You do not need a GCSE in RE in order to take these courses as long as you achieve a good GCSE grade in at least one ‘humanity’ subject.
3 exams at the end of the two years
- Philosophy of Religion
- Religious Ethics
- Developments in Christian Thought
Although there are no careers or further education courses for which GCSE or AS/A-level pass in Religion is specifically required, there are many for which it is a distinct advantage or a preferred qualification. There are no careers or further education courses for which it is not an acceptable qualification. A pass at any level in the subject has exactly the same value as a pass in any other academic subject at the same level.
At all levels it is considered a particularly suitable qualification for all kinds of caring work, especially social work, teaching, nursing, other work with children or the elderly or handicapped, and work for religious institutions e.g. church youth work.
This is because it shows that the person who has it, has thought about important questions of the meaning of life and death and about moral values and has learned to understand and respect the beliefs and ways of life of other people. AS/A-level courses in the subject, because of the careful study and exact thought and expression they require, and also because of the wide area they cover, are particularly welcome in candidates for university degrees in such subjects as: ENGLISH, PHILOSOPHY, ANTHROPOLOGY, SOCIAL STUDIES, LAW as well as, of course THEOLOGY, RELIGIOUS STUDIES, BIBLICAL STUDIES. It is also a useful complementary subject for those hoping to study Medicine.

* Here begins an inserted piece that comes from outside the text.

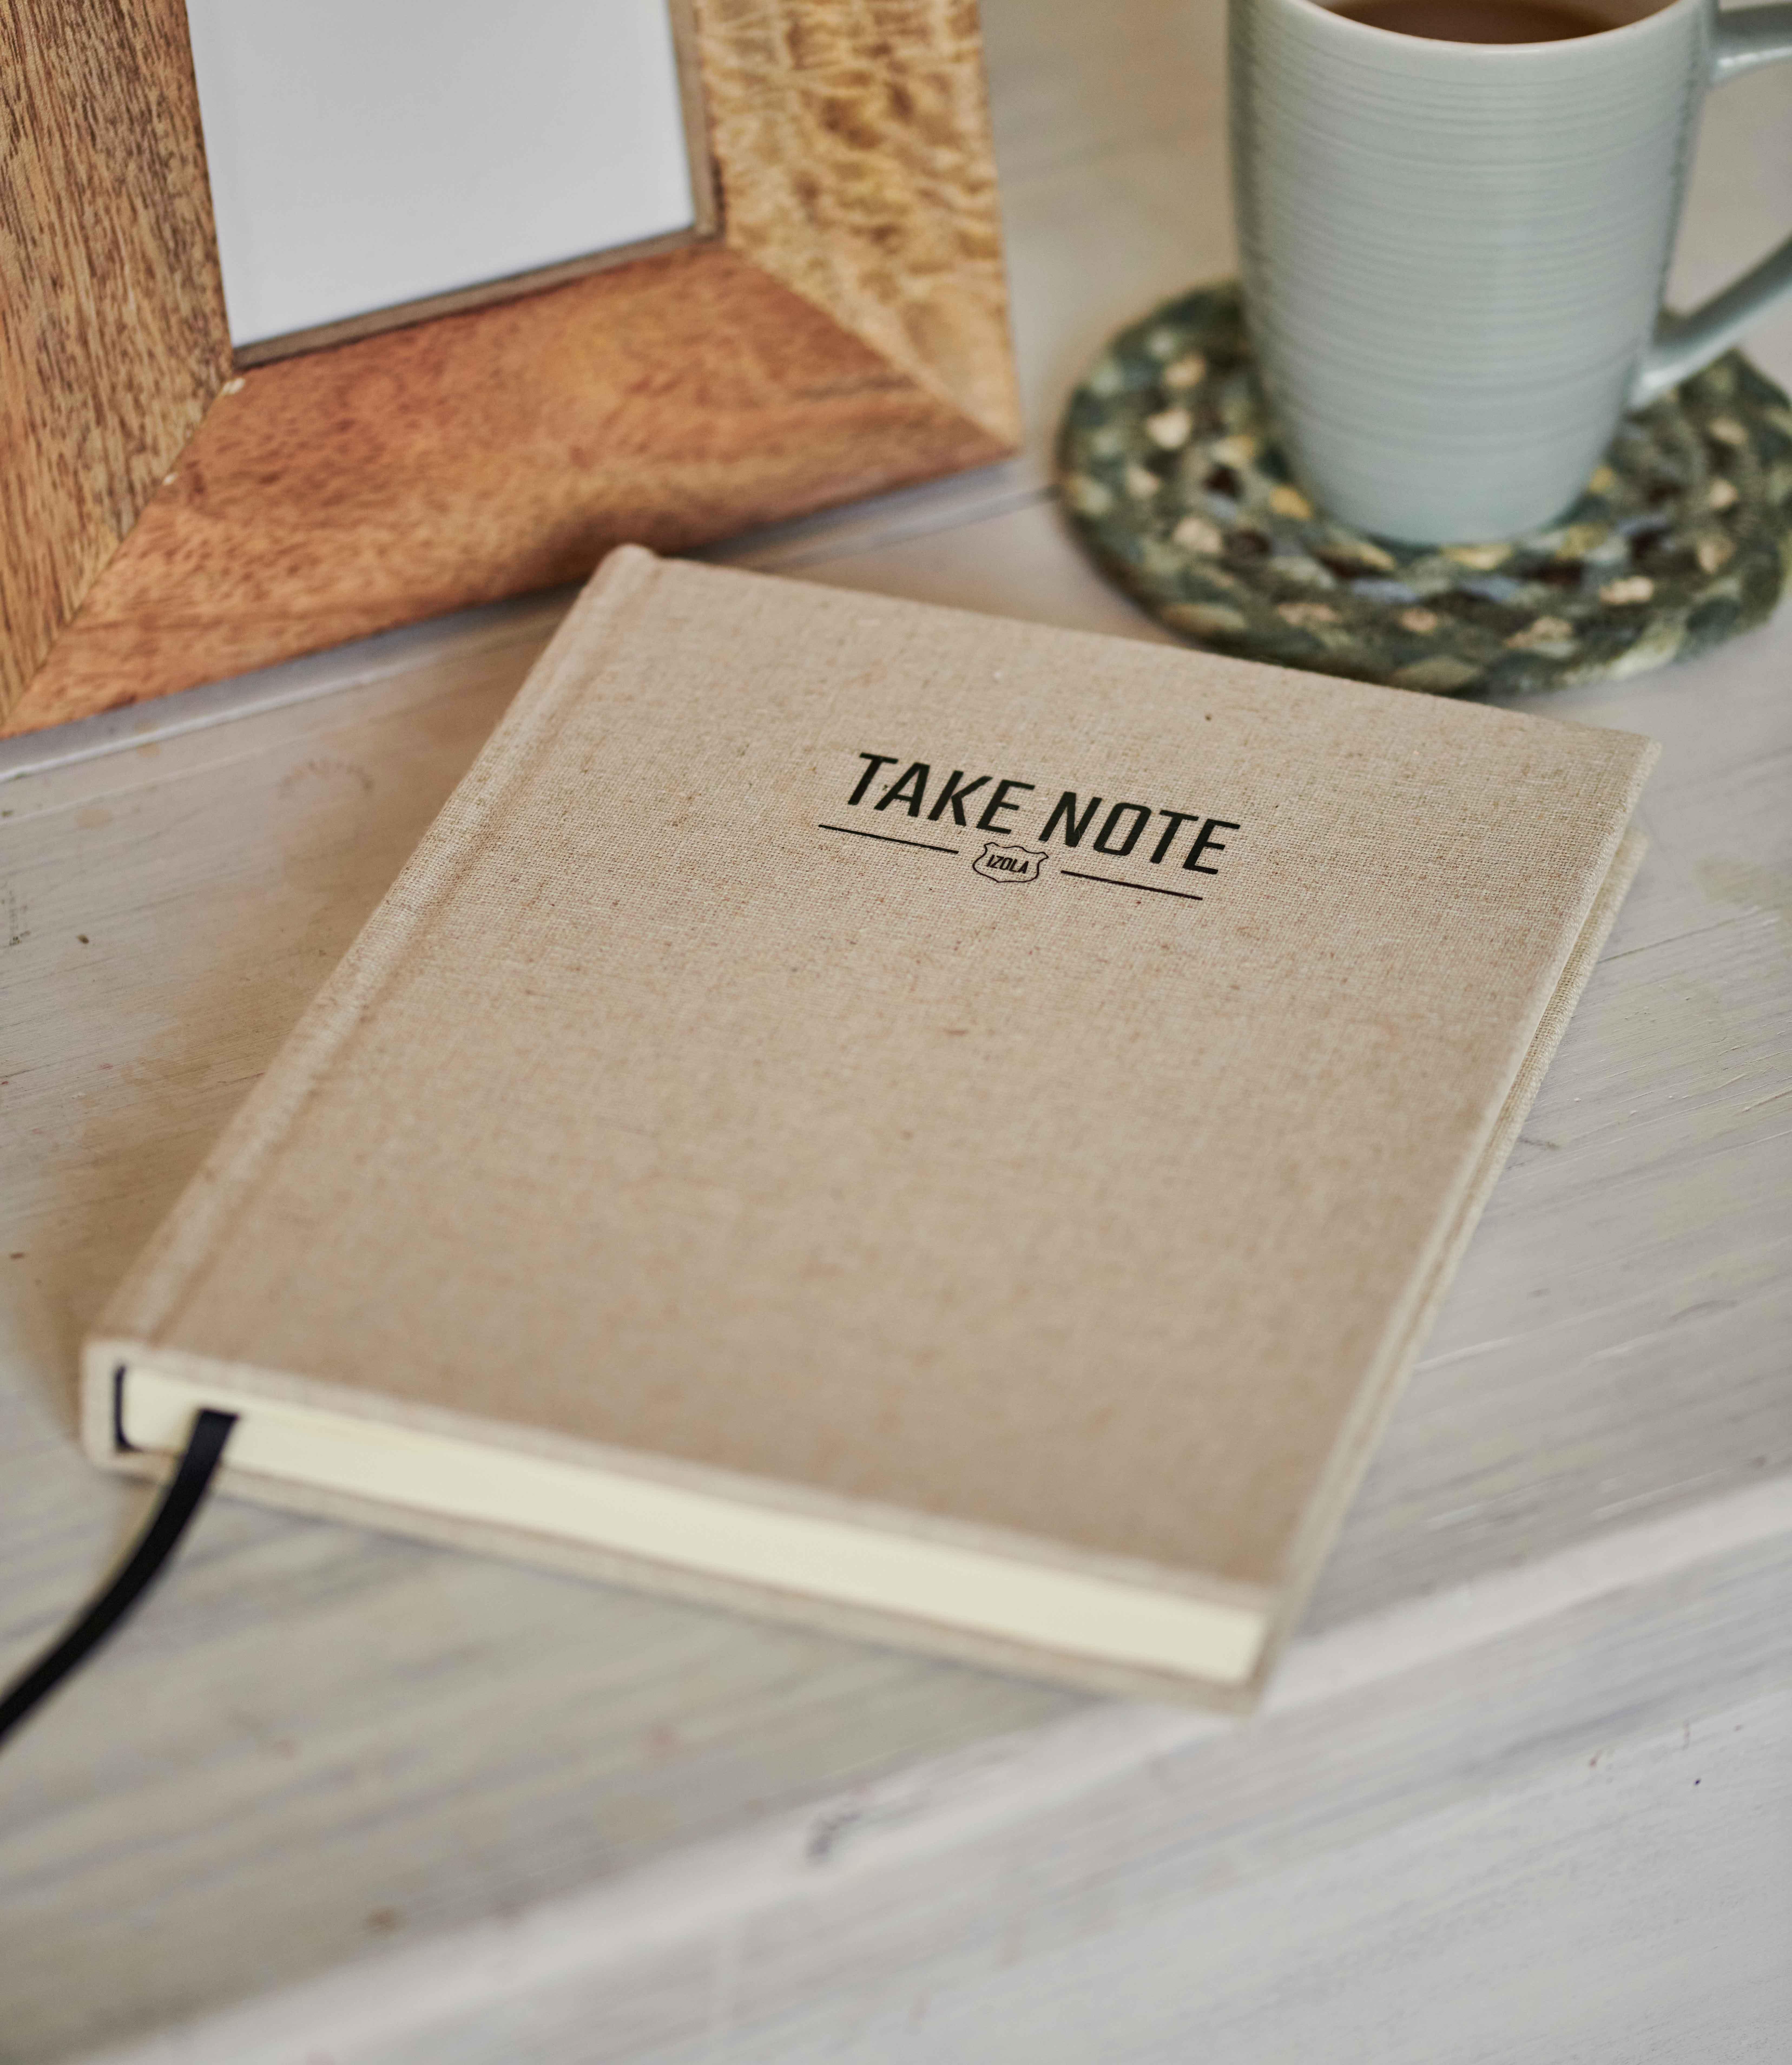 Notizbuch mit Leinenumschlag

An A-level (or degree) course in religion includes the study of ideas, literature, language and history and so it is a broad education in itself. For this reason an A-level in it is also particularly suitable as a preparation for degrees in HISTORY, ARCHAEOLOGY, CLASSICS, ENGLISH, OTHER LITERATURES, and various broad courses, such as EUROPEAN / AMERICAN /AFRICAN / ASIAN STUDIES, CULTURAL STUDIES. There are also degree courses in which the study of religion can be combined with the study of another subject, either equally or as a major / minor partner.

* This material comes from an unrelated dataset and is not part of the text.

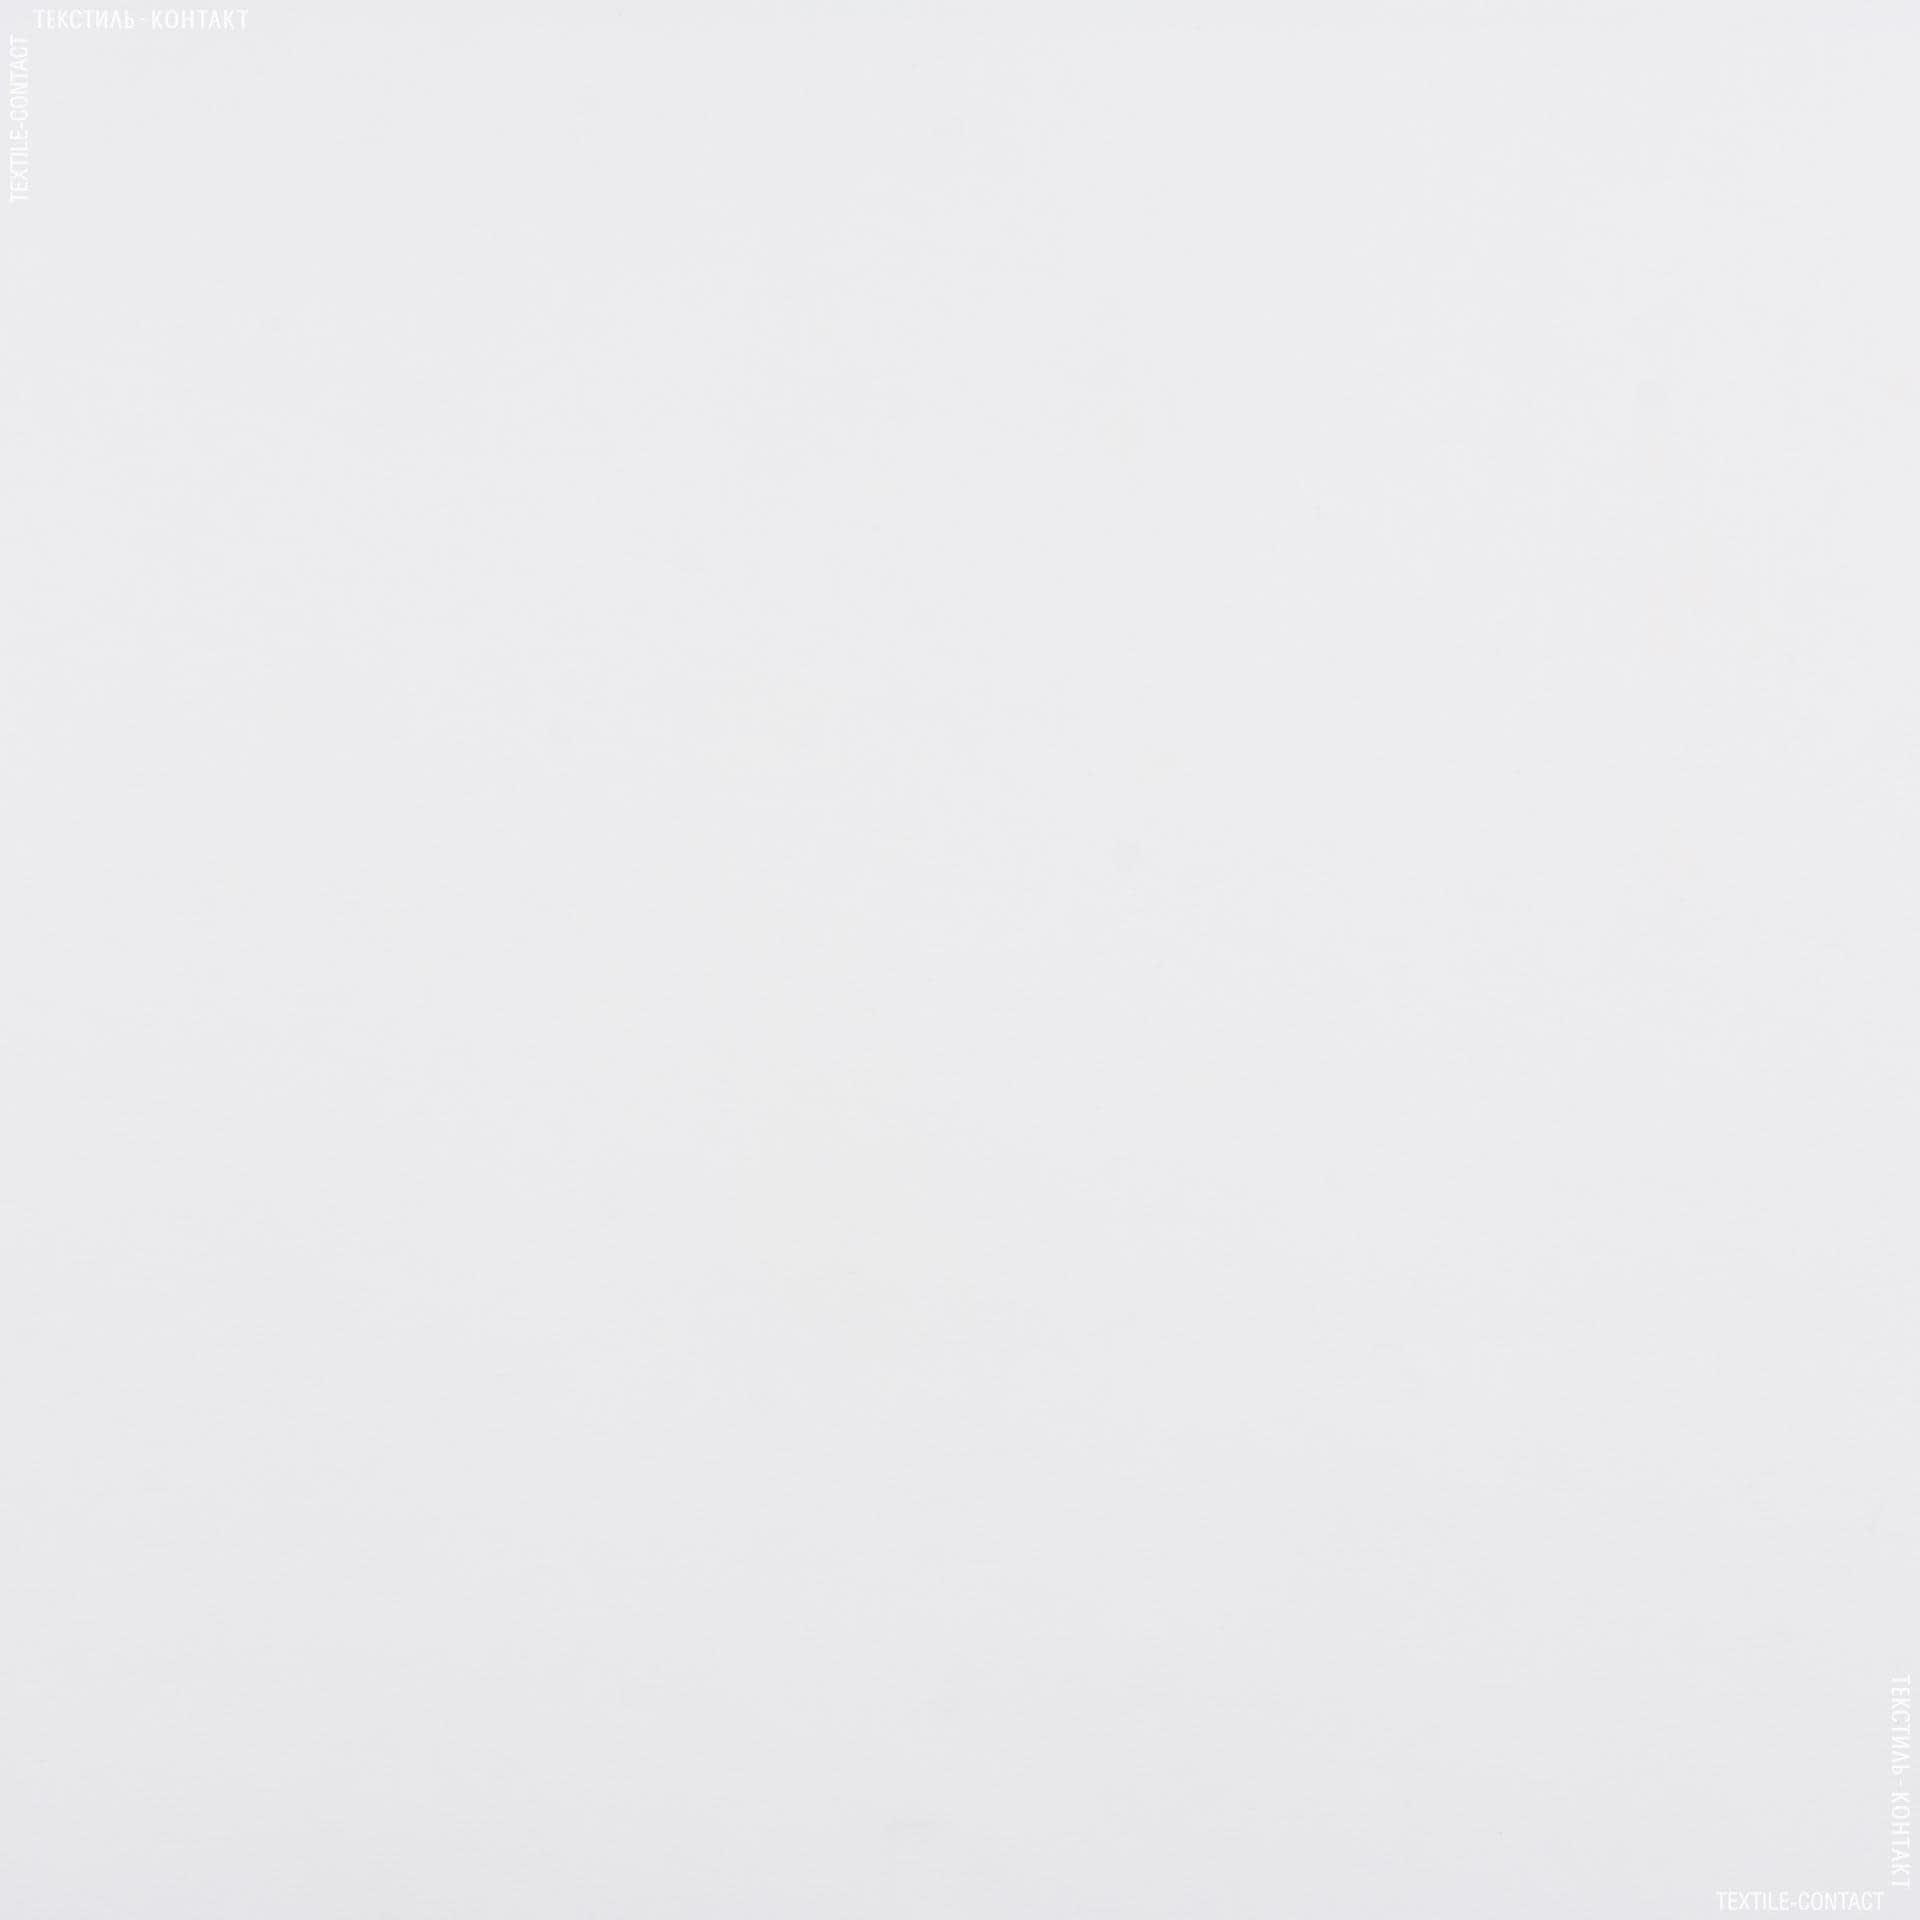 Ткани для верхней одежды - Ода сотина белый

By no means all those studying religion at degree level intend to be ministers of religion or teachers of it. They go into all kinds of careers, for the chief value of a degree in any subject is as evidence of a trained mind. But, quite apart from all this, and more important, the study of religion at any level is interesting and enjoyable for itself, and has an important contribution to make to anyone’s personal development.

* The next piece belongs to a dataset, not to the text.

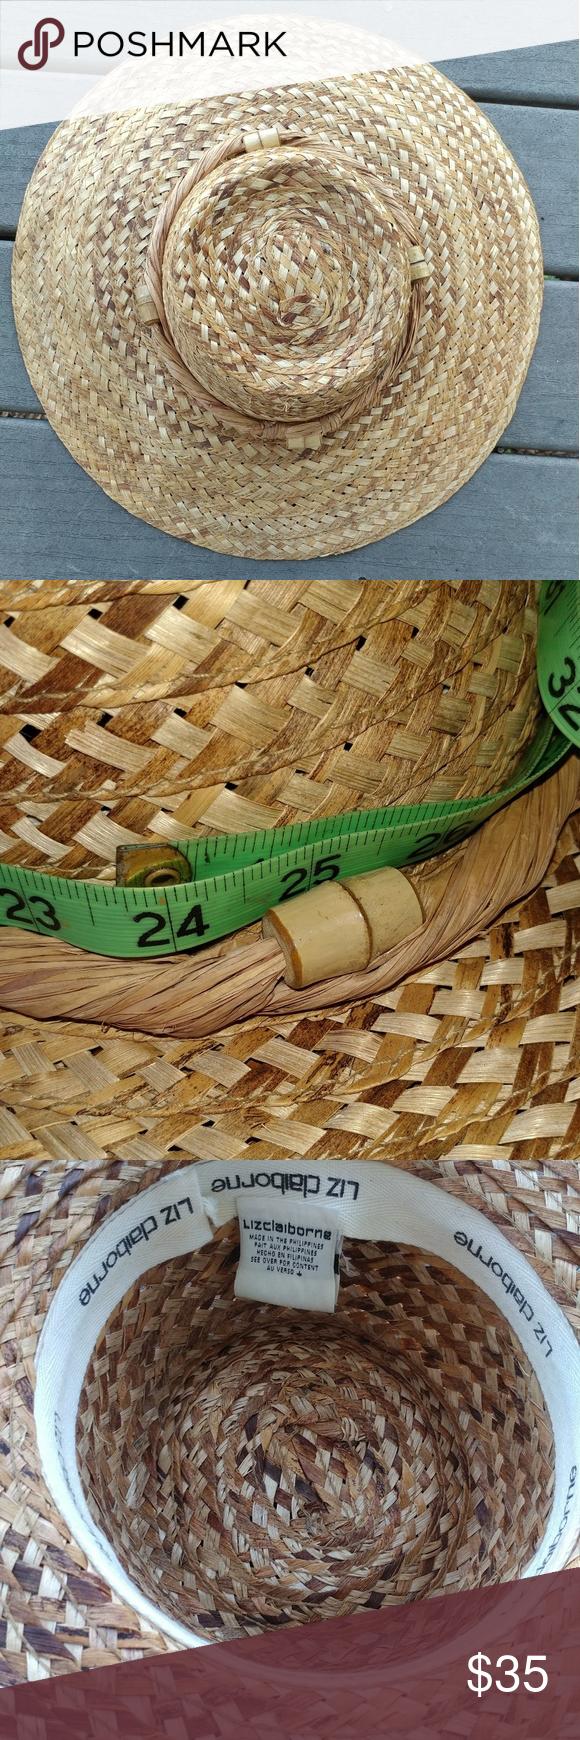 5eecfc10702c3 Liz Claiborne Straw Braided Wide Brim Hat Large Excellent condition sun  straw hat. Liz Claiborne Accessories Hats

Former Religious Studies A-level students at Latymer have gone on to study the following courses at university:
American Studies, Anatomy & Physiology, Anthropology & Market Research, Anthropology & Creative Arts, Art, Computing & Maths, Dance & Drama, Drama, English, Geography, History, Law, Maths & Philosophy, Media Studies & Economics, Medicine, Music, Philosophy, Philosophy & Physics, Physiotherapy, Politics, Politics and Italian, Psychology, Religious Studies, Religious Studies with Environmental Policy, Social Psychology, Sociology, Teacher Training, Theology, Theology & Philosophy combined.
Some students, not going on to higher education have entered the following professions: Police, Library Service, Secretarial work, the NHS.
As you can see, taking this subject at A level helps to keep your options open and is a good general education.